The headline act has to be Oscar Witcombe, who turned up, borrowed my spikes and Tom Sugden’s vest, and cleared 4.15m in the pole vault to come joint first. Same height as the winner, no kit of his own, two-thirds of someone else’s. That is the spirit of the whole afternoon in one event.
Amber Bloomfield went for a PB in the 100m hurdles and was on for it before coming down at the last. No time on the sheet, but anyone watching could see where her training is taking her. A crash on the final flight when you’re chasing a quick one only happens when you’re committing. Plenty more to come.
The team behind the team: our president Karen Desborough was a massive help sorting athletes and filling slots while I was out competing — the kind of behind-the-scenes graft that keeps a patched-together squad on the track. And a full set of officials points in those conditions was nothing short of heroic. Standing out in that heat all afternoon to keep us scoring is exactly the contribution that doesn’t show up on the results sheet but absolutely shows up in the total.

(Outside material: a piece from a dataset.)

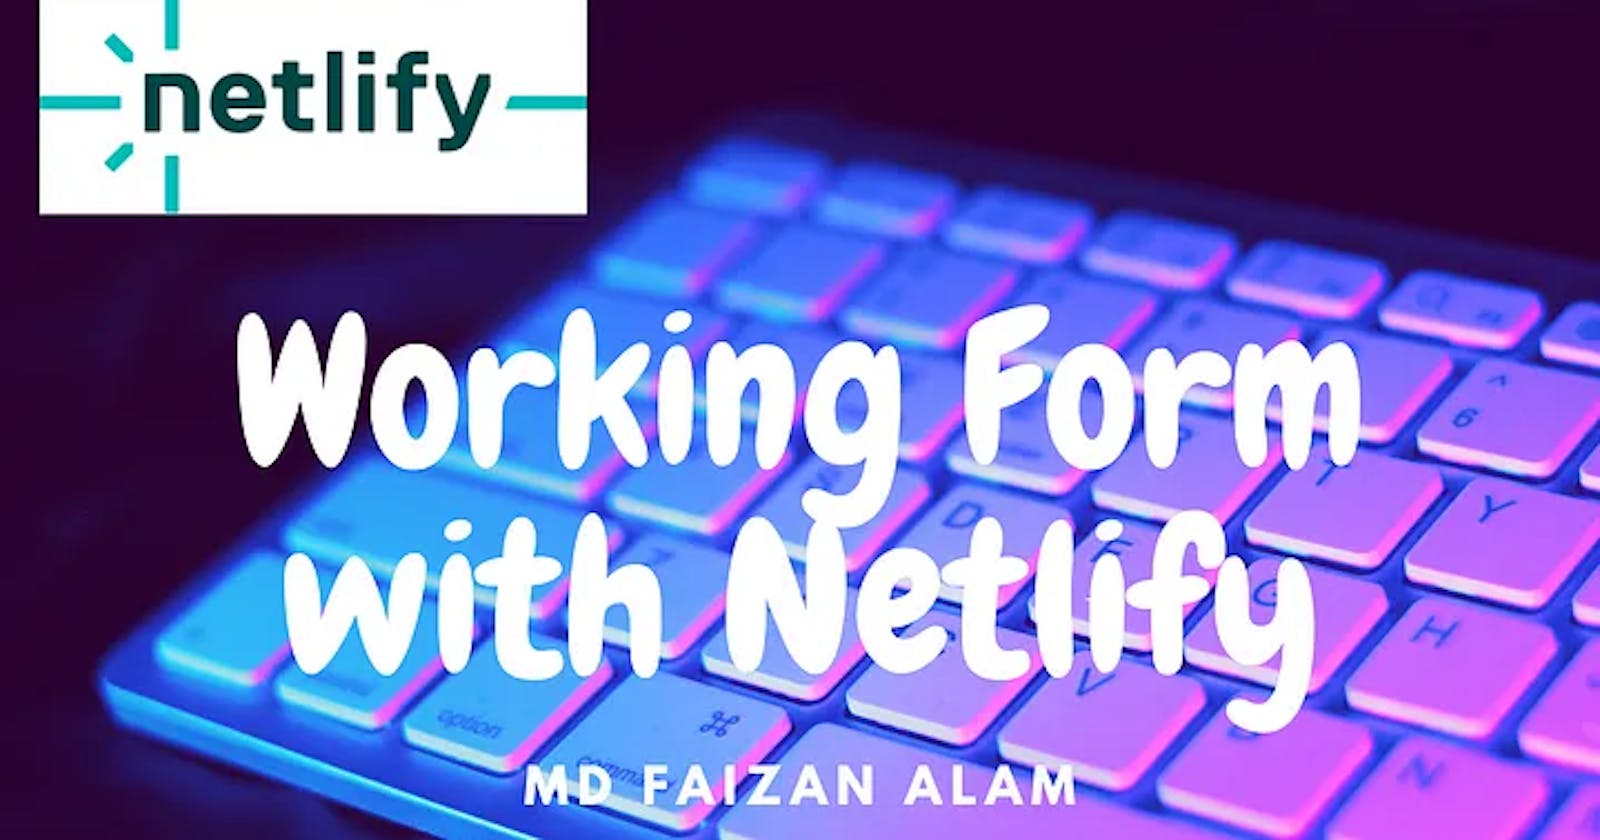 “Building a Working Form for Your Website on Netlify: A Step-by-Step Guide for Beginners”

The multi-eventers who barely left the infield:
- Anais Hemetsberger — four events (high jump, long jump, shot, javelin)
- Molly Savage — Long Jump, first ever high jump! and a leg of the 4×100
- Dennis Savage – Long Jump, TJ and a leg of the 4×100
- Patrick Apantaku — the full throws set (shot, discus, hammer)
- Gracie Horton — the 1500m, the 3000m and a 4×400 leg, a proper day’s work in the heat
- and someone foolish enough to enter five (400mH, shot, discus, hammer, javelin) can confirm the walk between the cages and the back straight is longer than it looks at 30 degrees
Last-minute heroics: Jonathan backed up a 2nd place in the 3000m by stepping in to run a 4×400 leg at the very last minute to get the squad round. Exactly the kind of stand-in that made the day work.
Performances of note:
- Sophie Osborn — won the women’s A 400m in 55.60, plus 25.48 in the B 200m
- Cheyanne Nketia — doubled up in the women’s A sprints, 12.08 and 25.67, both 2nd
- Kelechi Aguocha — won the men’s A triple jump (14.05m), 2nd in the high jump (2.00m)
- Beth Regan — won the women’s B 400m hurdles (66.54)
- Sam Parsons — won the men’s B 1500m
- Ryen Rennie — 49.05 for 3rd in a tight men’s A 400m
- Madeleine Dodd — 3.35m for 2nd in the women’s pole vault
- Joyce Nzekwe — 2nd in the triple jump (11.51m)
Relays: men’s 4×100 3rd (43.06), women’s 4×100 3rd (49.24), both mixed 4×400 squads getting round.
Not the result we’d have drawn up, but for a squad stitched together with last-minute stand-ins on a brutal day, nobody left anything out there. Borrowed spikes, borrowed vests, five-event afternoons and a hurdler who’ll be back. To quote the Foo Fighters: Done, done, on to the next one!